Да - нету таких цитат. Да - неоткуда их взять. Только вот - соскрести с Шиманова, местами?" (X, стр. 155-156. Курсив Солженицына).
И соскребают. И не только с Шиманова, а со всех, кто отталкивает и пугает своими нацистскими комплексами. И вот уже прозвучал угрожающий термин - "солженицынщина" - о взглядах и настроениях, ничего общего со взглядами и настроениями Солженицына не имеющих. Зачем же реконструировать убеждения Солженицына по взглядам его мнимых или даже действительных эпигонов? Он весь напечатан, опубликован; прощупан десятками интервью. Он сам об этом и говорит:
"Да ведь вот мой десяток томов, да ведь вот дюжина исторических глав критикуйте! разносите! раздолье! Тут и целая желанная программа есть для разноса - Шипова (пока поглубже, чем все предложенное нашими плюралистами), петит ли мелок, глаза не берут? Нет! Спорят со мной как с партийным публицистом. Накидываются со всеми трубами на какой-нибудь один абзац какого-нибудь интервью" (X, стр. 156. Курсив Солженицына).

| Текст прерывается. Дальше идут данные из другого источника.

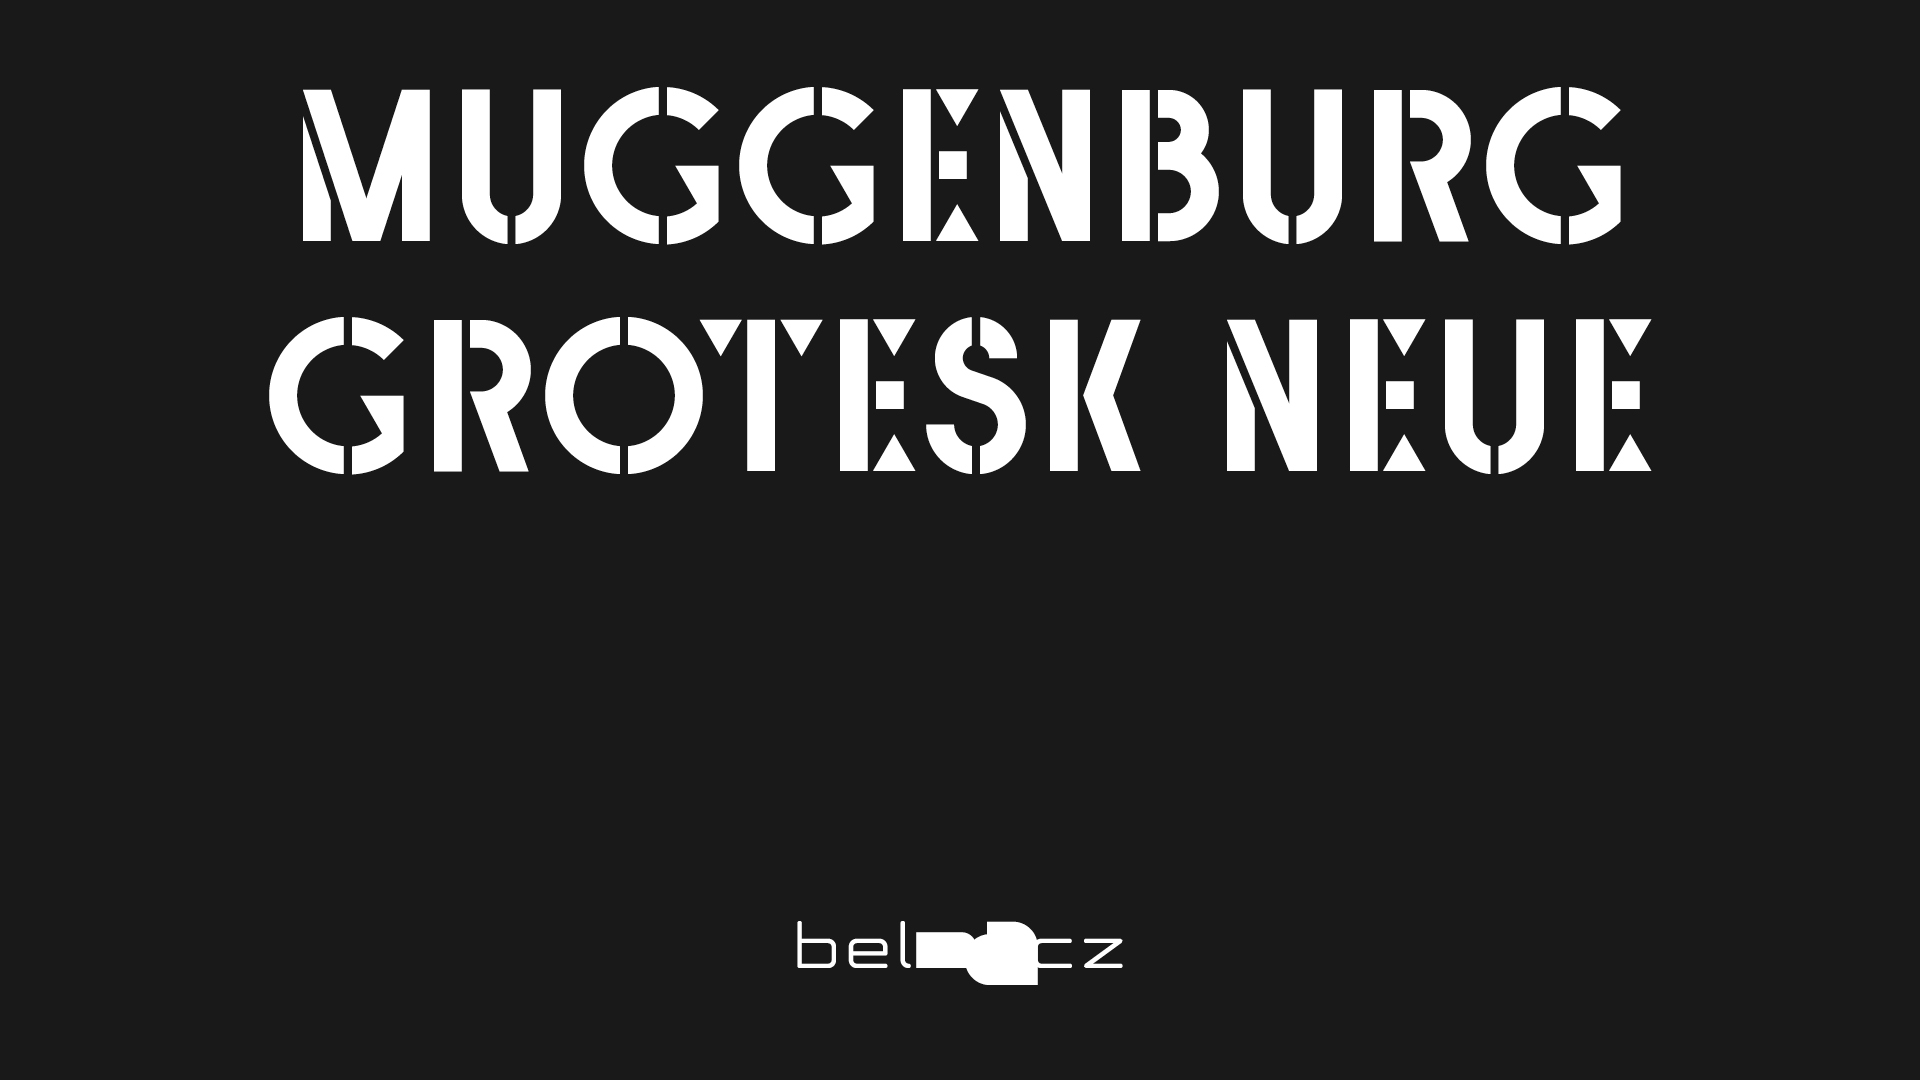 Cover image: Muggenburg Grotesk Neue

Приводимый им ниже пример - с неправильно истолкованным его высказыванием о татарах - мы уже цитировали (см. гл. "Солженицын и национальный вопрос"). Здесь упоминается также о программе земского деятеля и осторожного либерала-эволюциониста Д. И. Шипова, активного в 1900-е годы. Подробно Солженицын пишет о нем в "Октябре Шестнадцатого" (Собрание сочинений, т. 13, стр. 76-102). В этой (петитом набранной) части "Узла II" писатель говорит о мерцающих в прошлом России теплых обнадеживающих огоньках - моментах, событиях, течениях мысли, с которых могло бы начаться мирное, плодотворное, эволюционное сотрудничество между властью и обществом. Он скорбит об этих нереализованных возможностях, пренебрегнутых то властью, то обществом, то обеими сторонами одновременно. Одной из таких роковых потерь представляется Солженицыну отказ и власти, и радикалов от широкой земской программы Шипова. Программа эта, привлекшая Солженицына и своими этическими основаниями, предусматривала сотрудничество исторически сложившейся власти и широких (снизу доверху и по всей стране) конструктивных элементов земской общественности. Она предполагала существенную децентрализацию полномочий власти при бережном и уважительном к ней отношении. С реализации этой программы могла начаться, по Солженицыну, глубокая демократизация страны без посягательства на деятельное существование монархии. Но система Шипова осталась в архиве нереализованных конструктивных возможностей, стоявших перед Россией в XIX-XX веках и ею проигнорированных или отвергнутых.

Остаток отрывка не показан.